══ Data to process ══

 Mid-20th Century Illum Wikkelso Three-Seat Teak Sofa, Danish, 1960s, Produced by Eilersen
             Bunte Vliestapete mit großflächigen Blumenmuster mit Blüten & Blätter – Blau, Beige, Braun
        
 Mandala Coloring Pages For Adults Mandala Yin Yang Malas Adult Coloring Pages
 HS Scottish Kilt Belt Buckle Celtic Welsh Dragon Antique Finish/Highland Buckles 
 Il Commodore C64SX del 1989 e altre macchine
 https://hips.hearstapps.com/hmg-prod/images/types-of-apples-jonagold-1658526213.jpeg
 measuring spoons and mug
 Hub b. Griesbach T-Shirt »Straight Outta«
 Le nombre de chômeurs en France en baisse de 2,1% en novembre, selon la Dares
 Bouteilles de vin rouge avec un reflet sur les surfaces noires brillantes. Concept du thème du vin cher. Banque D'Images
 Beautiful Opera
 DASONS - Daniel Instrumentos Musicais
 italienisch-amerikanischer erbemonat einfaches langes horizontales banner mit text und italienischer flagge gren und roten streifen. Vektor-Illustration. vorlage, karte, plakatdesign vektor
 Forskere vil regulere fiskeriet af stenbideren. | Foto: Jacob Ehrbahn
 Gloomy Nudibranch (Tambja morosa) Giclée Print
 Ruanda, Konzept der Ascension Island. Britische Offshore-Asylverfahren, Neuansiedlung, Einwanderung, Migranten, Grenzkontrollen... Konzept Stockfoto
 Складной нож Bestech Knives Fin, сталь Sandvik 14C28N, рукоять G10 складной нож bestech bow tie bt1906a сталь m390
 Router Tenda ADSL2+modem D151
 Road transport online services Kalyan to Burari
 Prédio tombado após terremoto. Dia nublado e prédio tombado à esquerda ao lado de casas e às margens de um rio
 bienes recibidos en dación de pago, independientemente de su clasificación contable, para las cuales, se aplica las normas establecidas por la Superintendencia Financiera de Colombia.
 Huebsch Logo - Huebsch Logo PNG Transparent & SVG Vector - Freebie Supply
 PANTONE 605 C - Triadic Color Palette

═══

Going from the line that contains "DASONS - Daniel Instrumentos Musicais" to the last line of the records, reproduce every line as written.

* Exercise solution
 DASONS - Daniel Instrumentos Musicais
 italienisch-amerikanischer erbemonat einfaches langes horizontales banner mit text und italienischer flagge gren und roten streifen. Vektor-Illustration. vorlage, karte, plakatdesign vektor
 Forskere vil regulere fiskeriet af stenbideren. | Foto: Jacob Ehrbahn
 Gloomy Nudibranch (Tambja morosa) Giclée Print
 Ruanda, Konzept der Ascension Island. Britische Offshore-Asylverfahren, Neuansiedlung, Einwanderung, Migranten, Grenzkontrollen... Konzept Stockfoto
 Складной нож Bestech Knives Fin, сталь Sandvik 14C28N, рукоять G10 складной нож bestech bow tie bt1906a сталь m390
 Router Tenda ADSL2+modem D151
 Road transport online services Kalyan to Burari
 Prédio tombado após terremoto. Dia nublado e prédio tombado à esquerda ao lado de casas e às margens de um rio
 bienes recibidos en dación de pago, independientemente de su clasificación contable, para las cuales, se aplica las normas establecidas por la Superintendencia Financiera de Colombia.
 Huebsch Logo - Huebsch Logo PNG Transparent & SVG Vector - Freebie Supply
 PANTONE 605 C - Triadic Color Palette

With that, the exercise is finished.